** COLLECTED DATA follows **
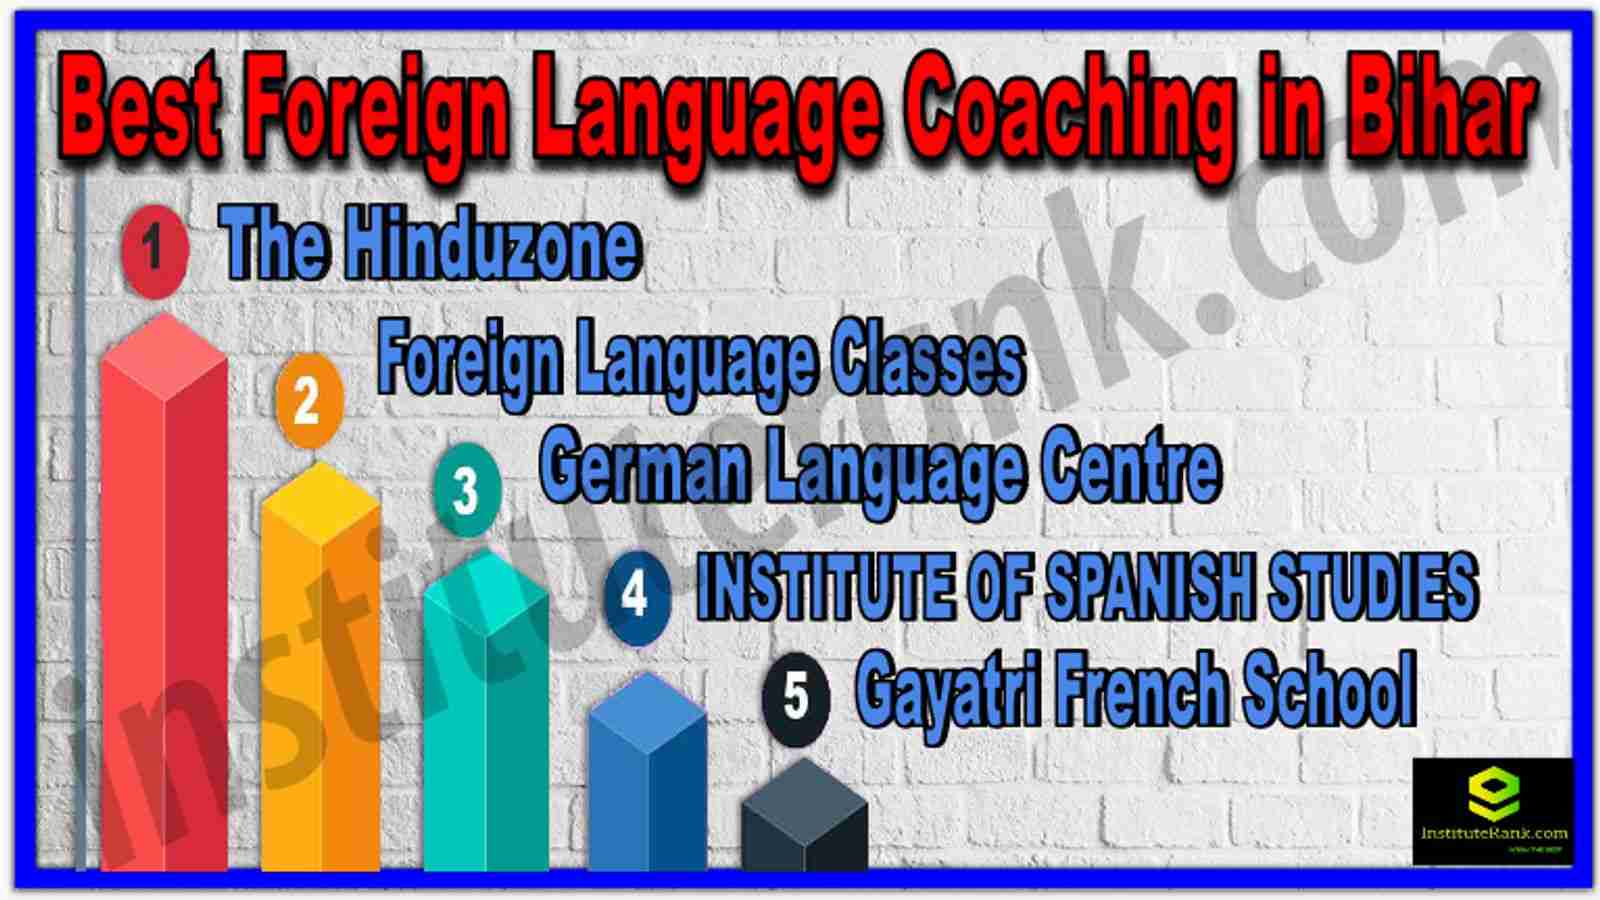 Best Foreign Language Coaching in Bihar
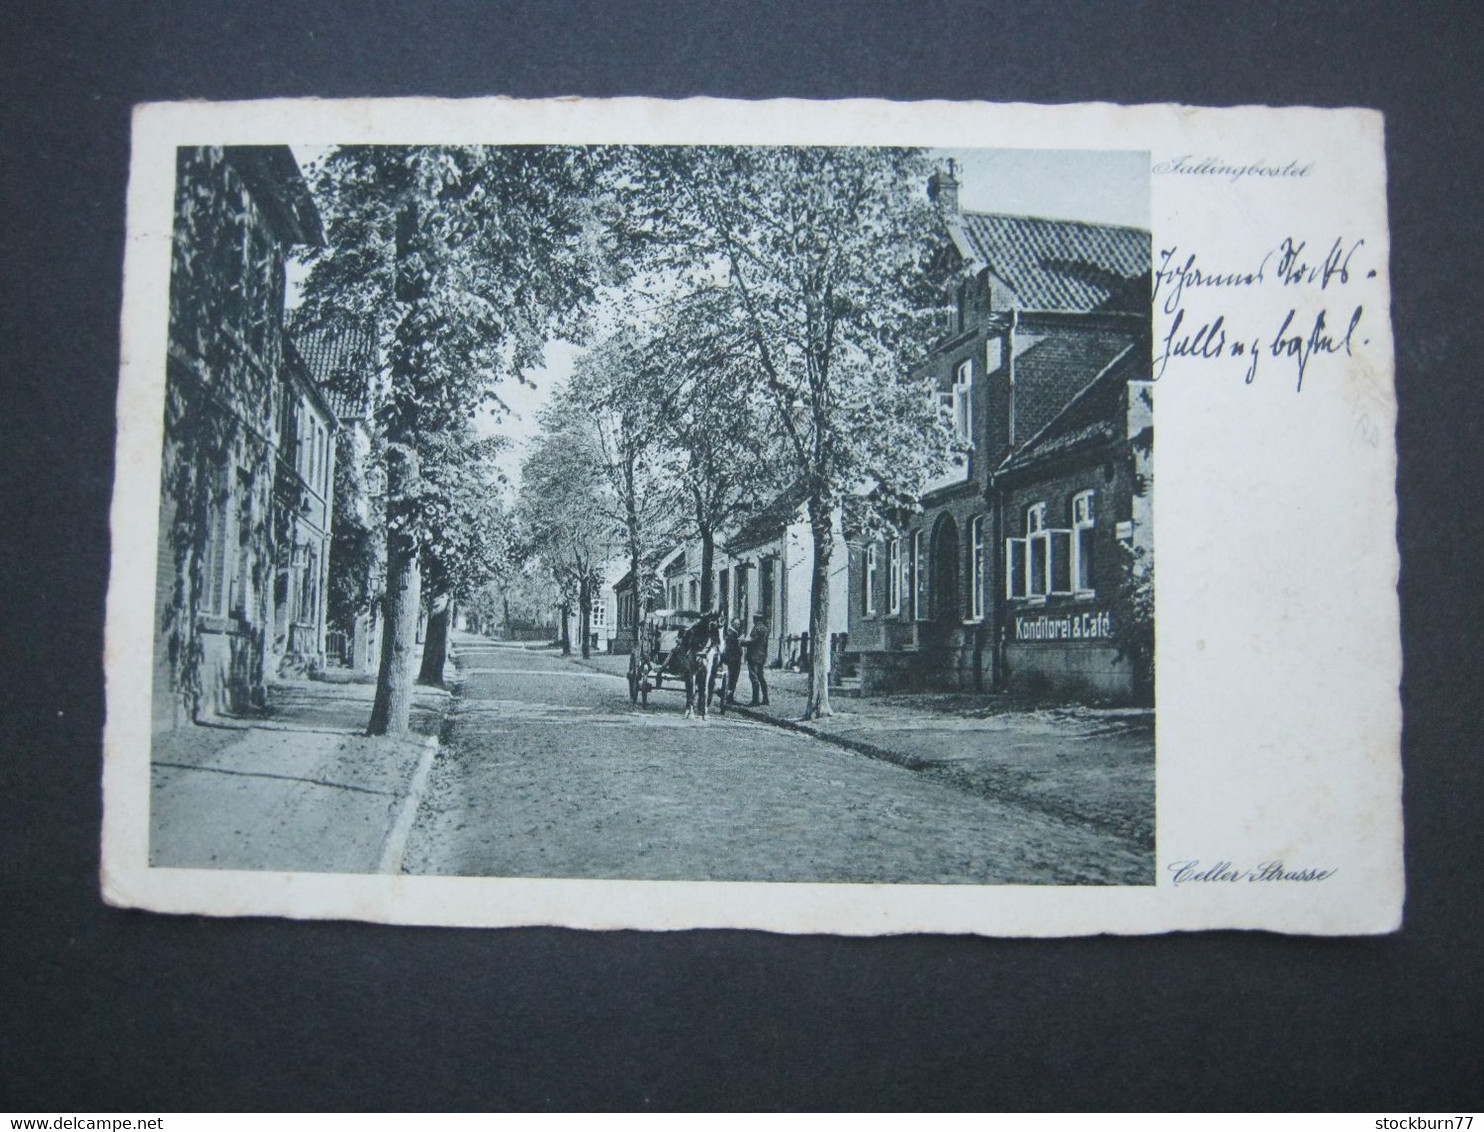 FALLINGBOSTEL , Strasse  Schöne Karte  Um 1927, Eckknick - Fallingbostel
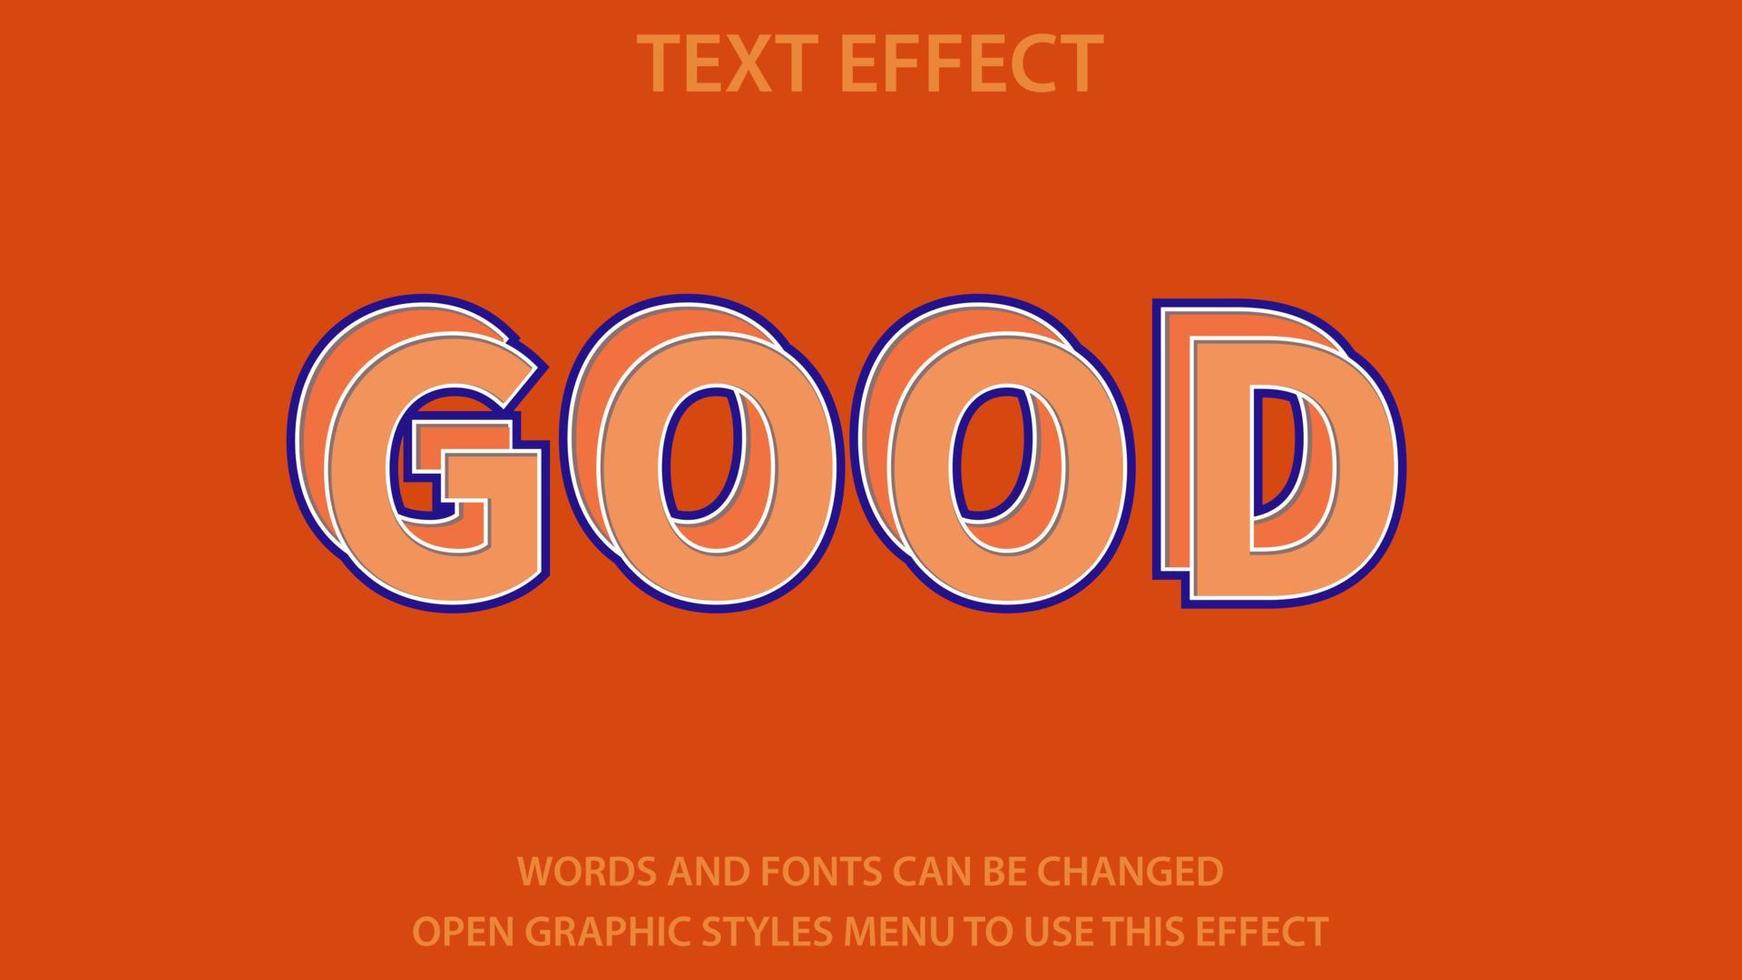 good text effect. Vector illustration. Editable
** End of COLLECTED DATA **
_WHAT YOU HAVE TO DO_
In the data above, the line containing "FALLINGBOSTEL , Strasse" and all lines after it are to be reproduced exactly, leaving out the pictures.

_RESPONSE BELOW_
 FALLINGBOSTEL , Strasse  Schöne Karte  Um 1927, Eckknick - Fallingbostel
 good text effect. Vector illustration. Editable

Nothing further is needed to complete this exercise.